Curious stories keep crawling out of that whole pit of horror that was the Nazi time.

The reference to Arendt rang a bell with me. Nearly fifteen years ago I bought a copy of her Eichmann in Jerusalem. Seeing her name pricked my conscience. I’m finally reading the book.

It’s an extraordinary work which, in particular, gave us the concept of ‘the banality of evil’. You can quickly see why. There was nothing special about Otto Adolf Eichmann, a middle-ranking SS official who had served under Heydrich and played a dirty but essentially logistical role in the Nazis’ so-called final solution of the Jewish problem. He had organised transport to take the Jews to the killing centres. In 1961, he was kidnapped in Argentina by Israeli agents and taken to Jerusalem, where he was tried and eventually hanged in 1962.

Reading the account of Eichmann’s trial, I realise that I’ve know lots of little Eichmanns. I’ve worked with them. They’re nonentities. They fail at school, they fail at work. They’re convinced that they deserve better from life, that what’s needed isn’t more effort from them but a proper recognition of their natural talents. They’re the kind of people who can take charge of a project but need to be chased twice a day to make sure they’re getting on with it.

Unfortunately for sad little Eichmann, the project he was in charge of was a significant component of probably the most obscene act of barbarity in history, the Holocaust. It cost him his life, having cost a lot more innocent lives first.

My conclusion, anyway, is that there’s some good stuff on my shelves. It’s time I read it.



PS. This new resolution of mine spills over into films too. Danielle’s away this weekend visiting her mother in Strasbourg. So I could without boring her to tears make up for a 44-year old gap in my cultural education: I watched The Sound of Music. It’s really quite good, isn’t it?

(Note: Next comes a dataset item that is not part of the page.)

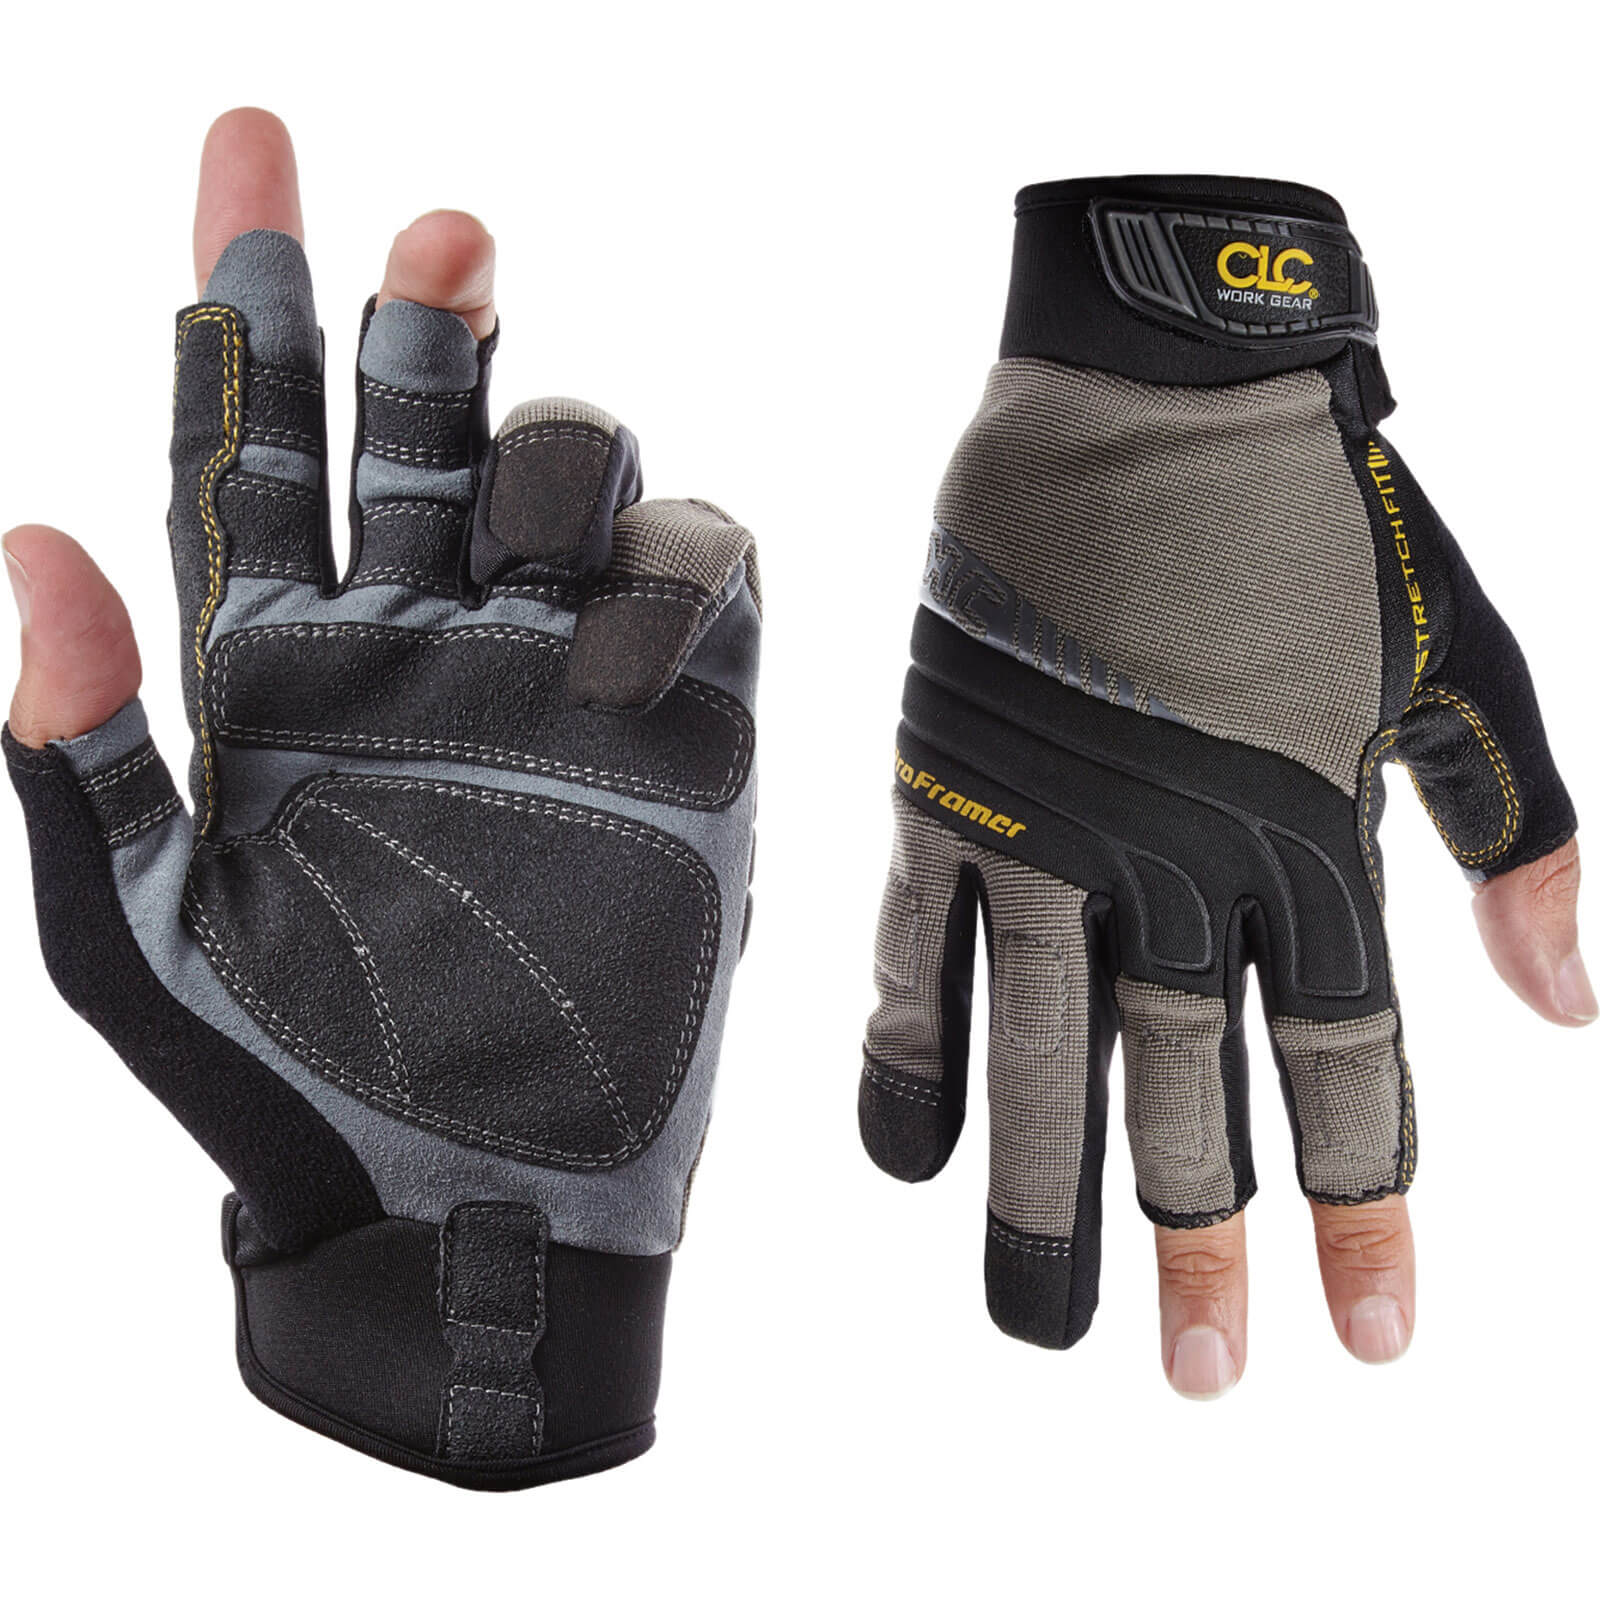 Image of Kunys Flex Grip Pro Framer Gloves L

Just strange they used all those old songs I’ve heard so often.

2 comments:

Bob said...

"I keep buying books I know will be interesting, and then I fail to read them. My bookshelves groan under the weight of all those volumes."

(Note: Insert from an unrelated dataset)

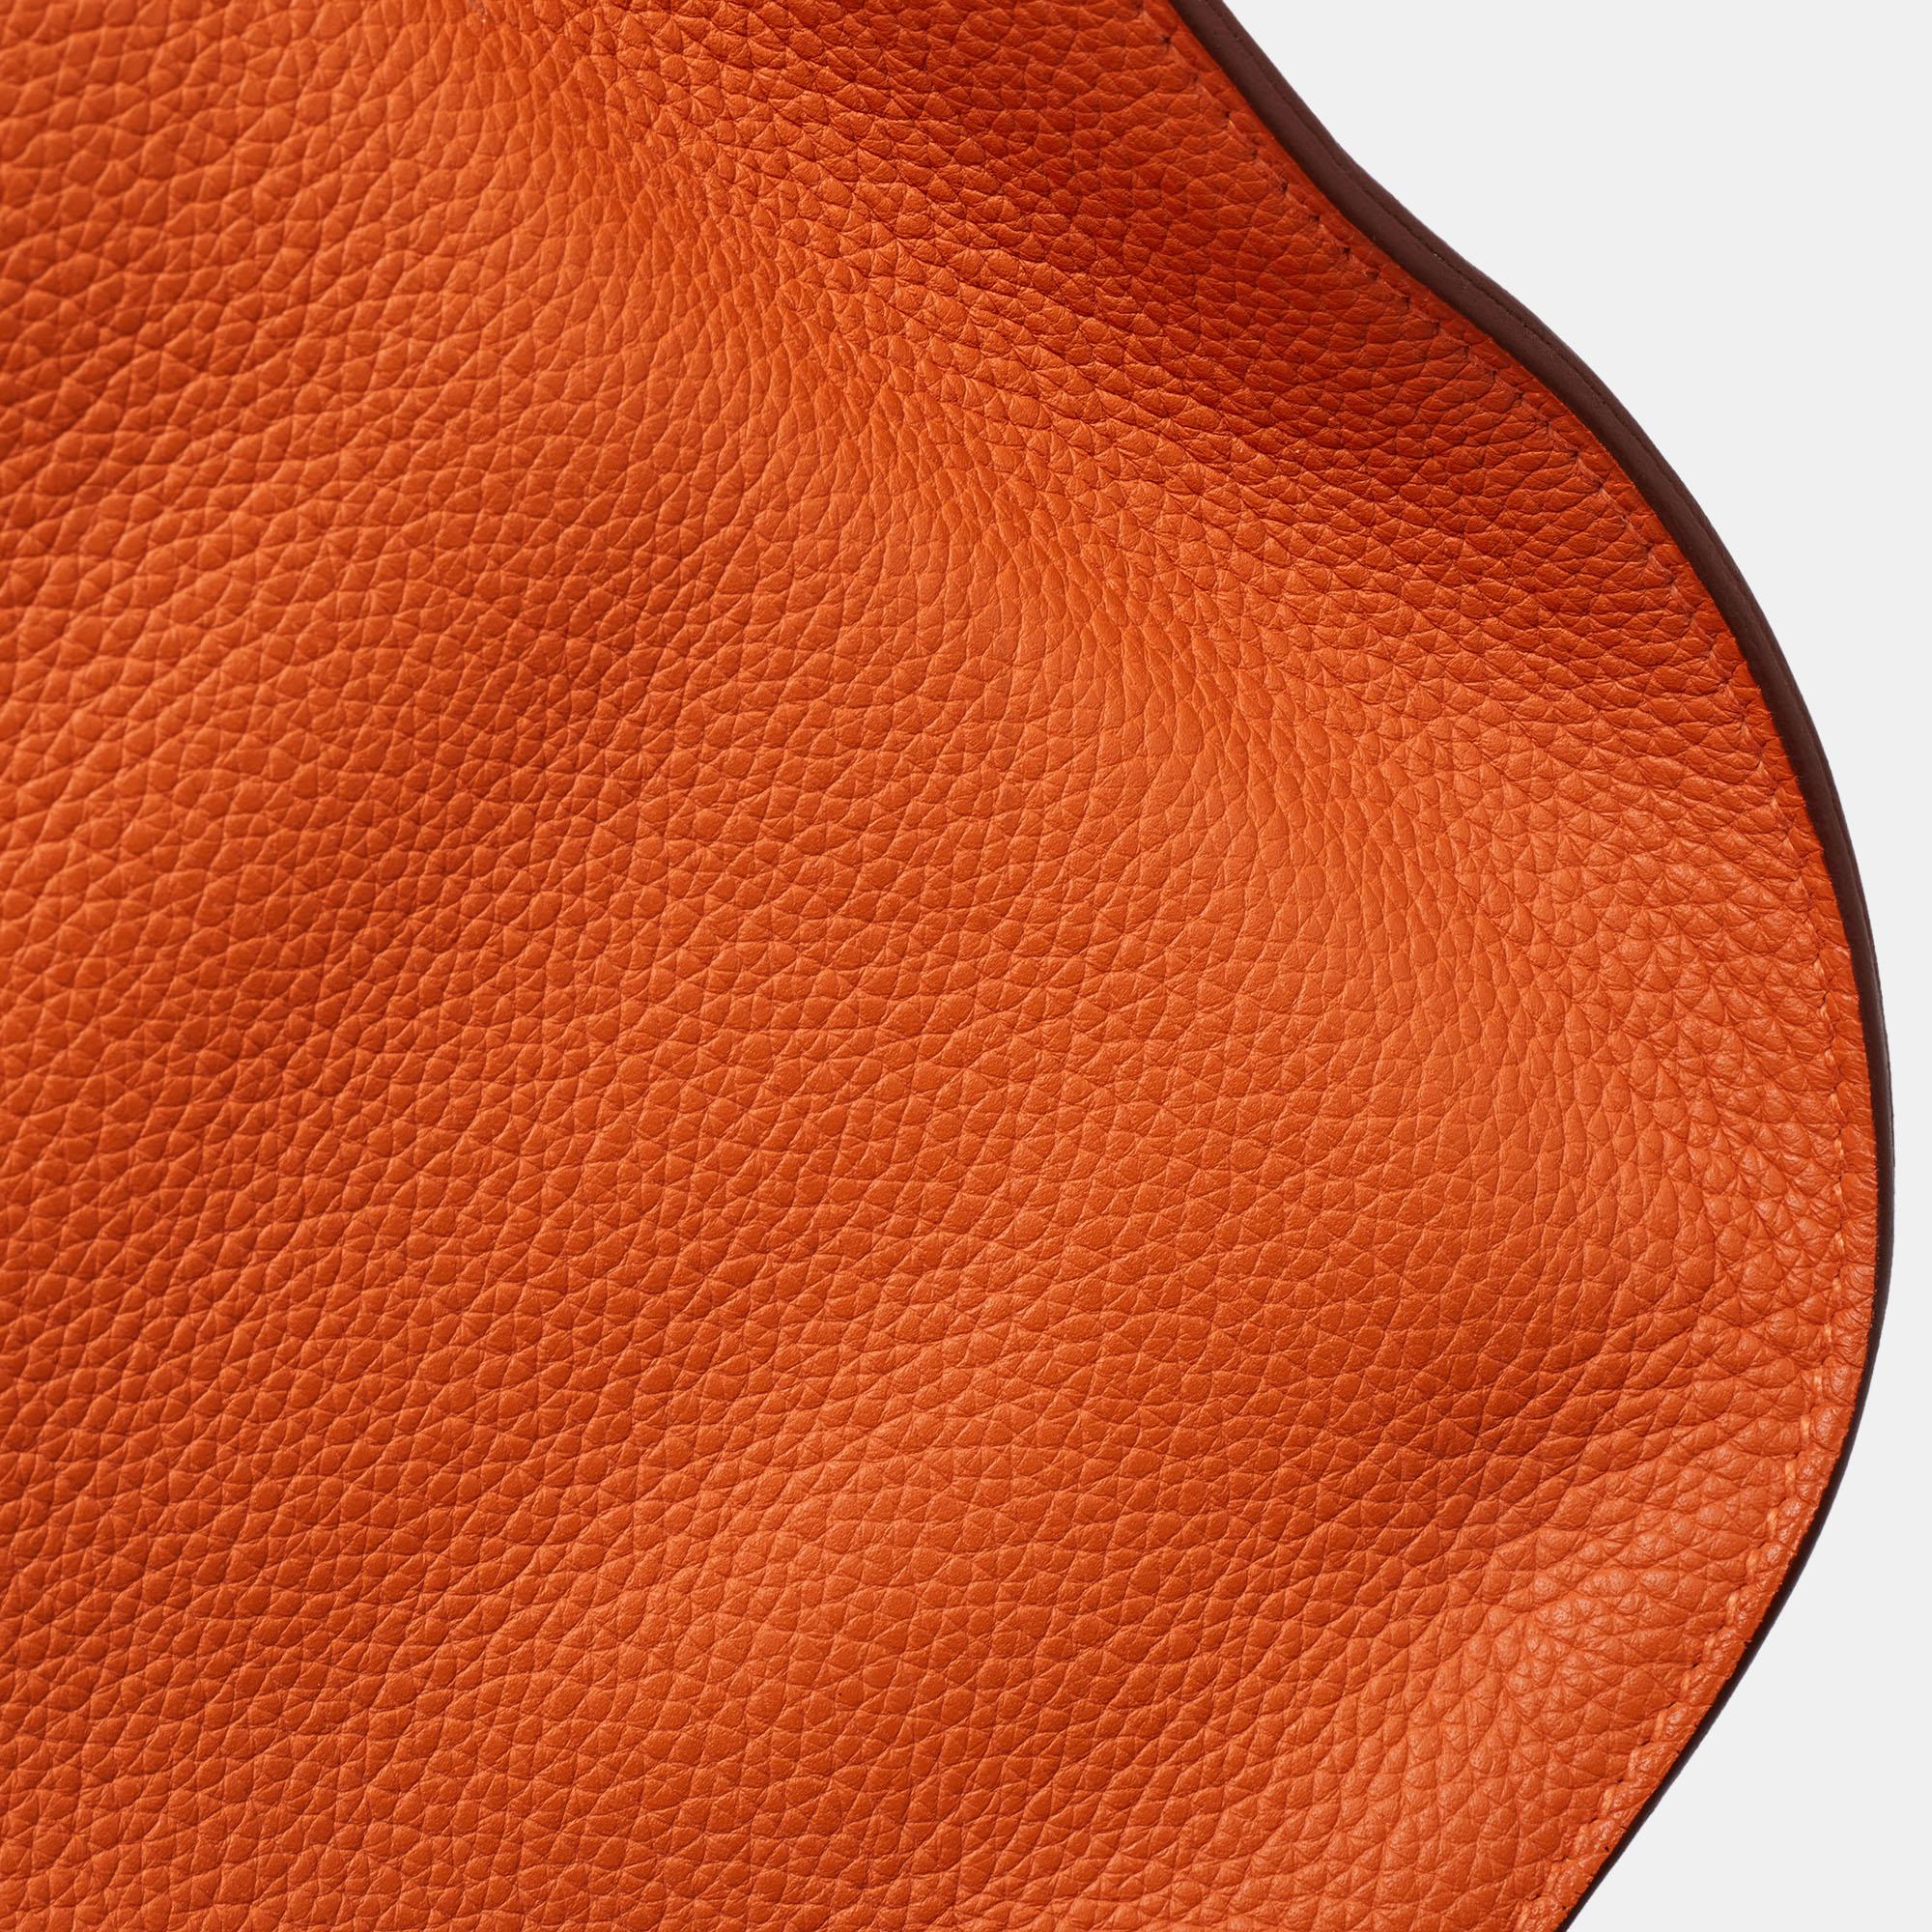 Hermès Orange Togo Leather Palladium Finish Jypsiere 37 Bag For Sale 10

In this respect, we are brothers. I wonder why owning these books is more satisfying than adding their titles to a library list for that someday-maybe Neverland. Tsk.

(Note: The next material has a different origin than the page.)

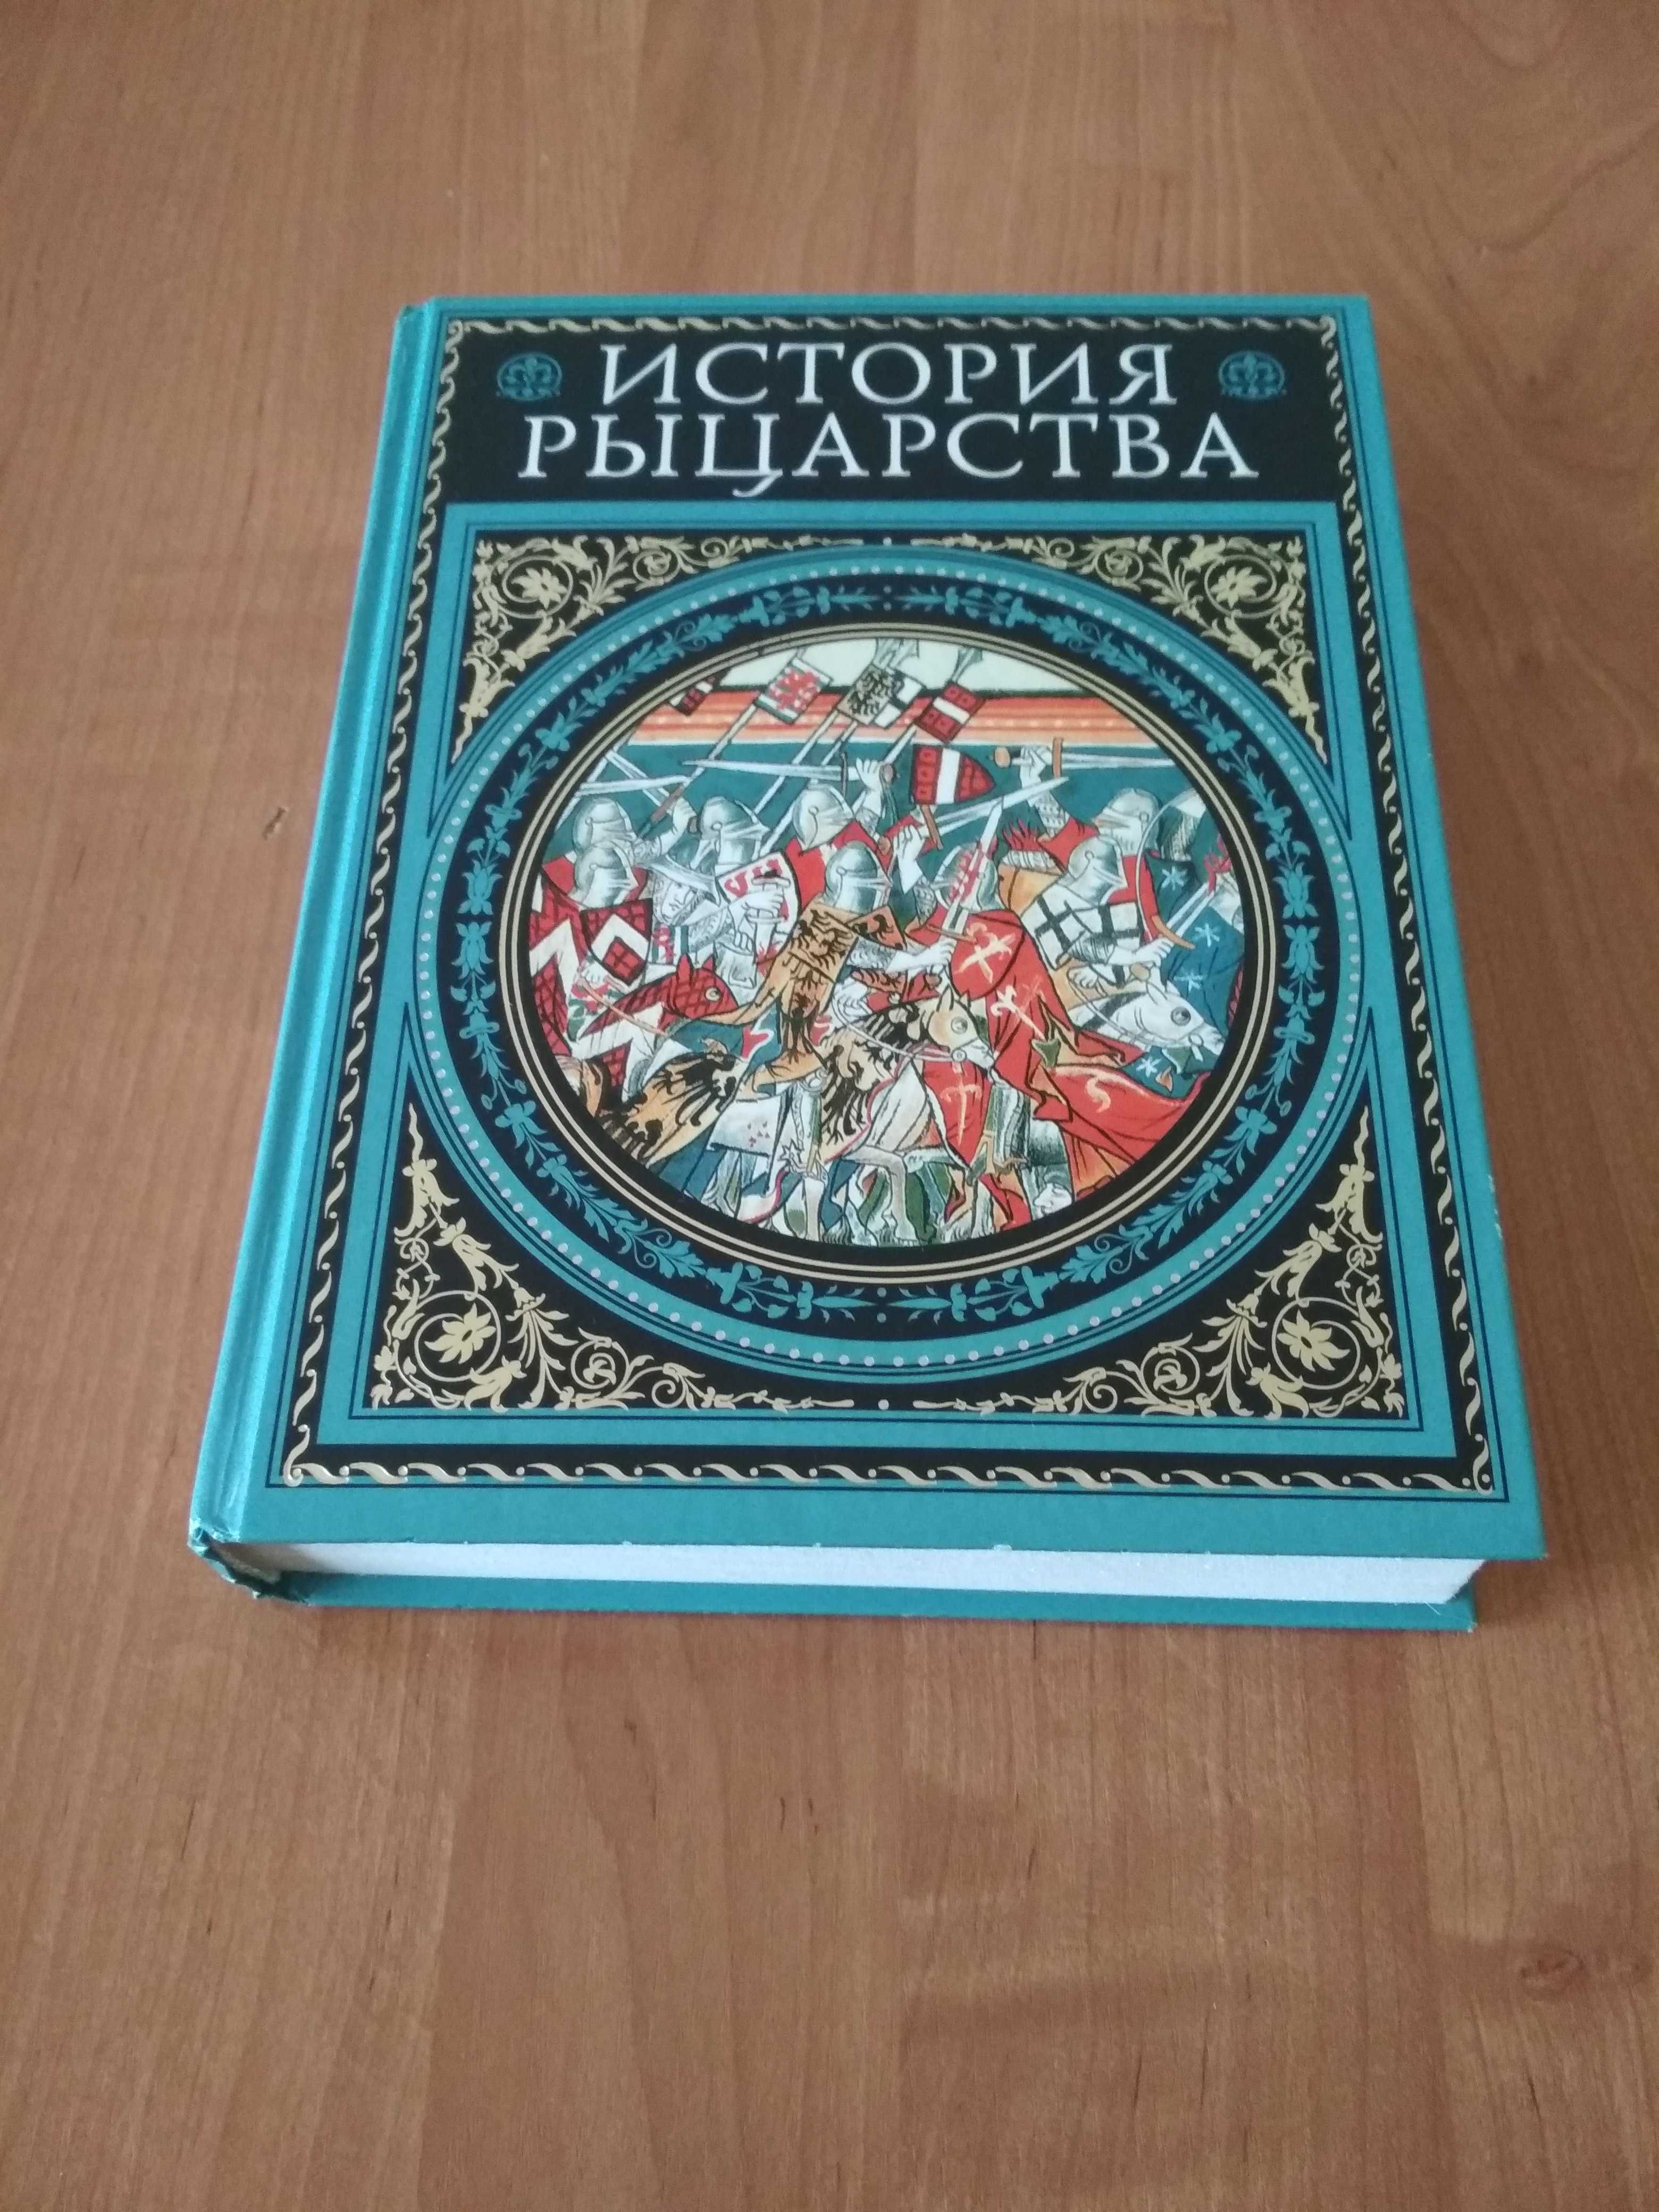 «История рыцарства» Ж. Руа, Ж. Мишо (авторы XIX в.).

Oh, and if you happen across "My Fair Lady", you'll find the director adapted many old and familiar tunes there, too.

David Beeson said...

You're right: we ought to take the same approach to books as we do to New Year's resolutions - list them and forget them. Much cheaper on the pockets, much lighter on the shelves.

It is worrying, isn't it, that directors of musicals feel they can get away with using old songs. They never start out that way but within a few years, they get back to their usual habits, and the songs are all old.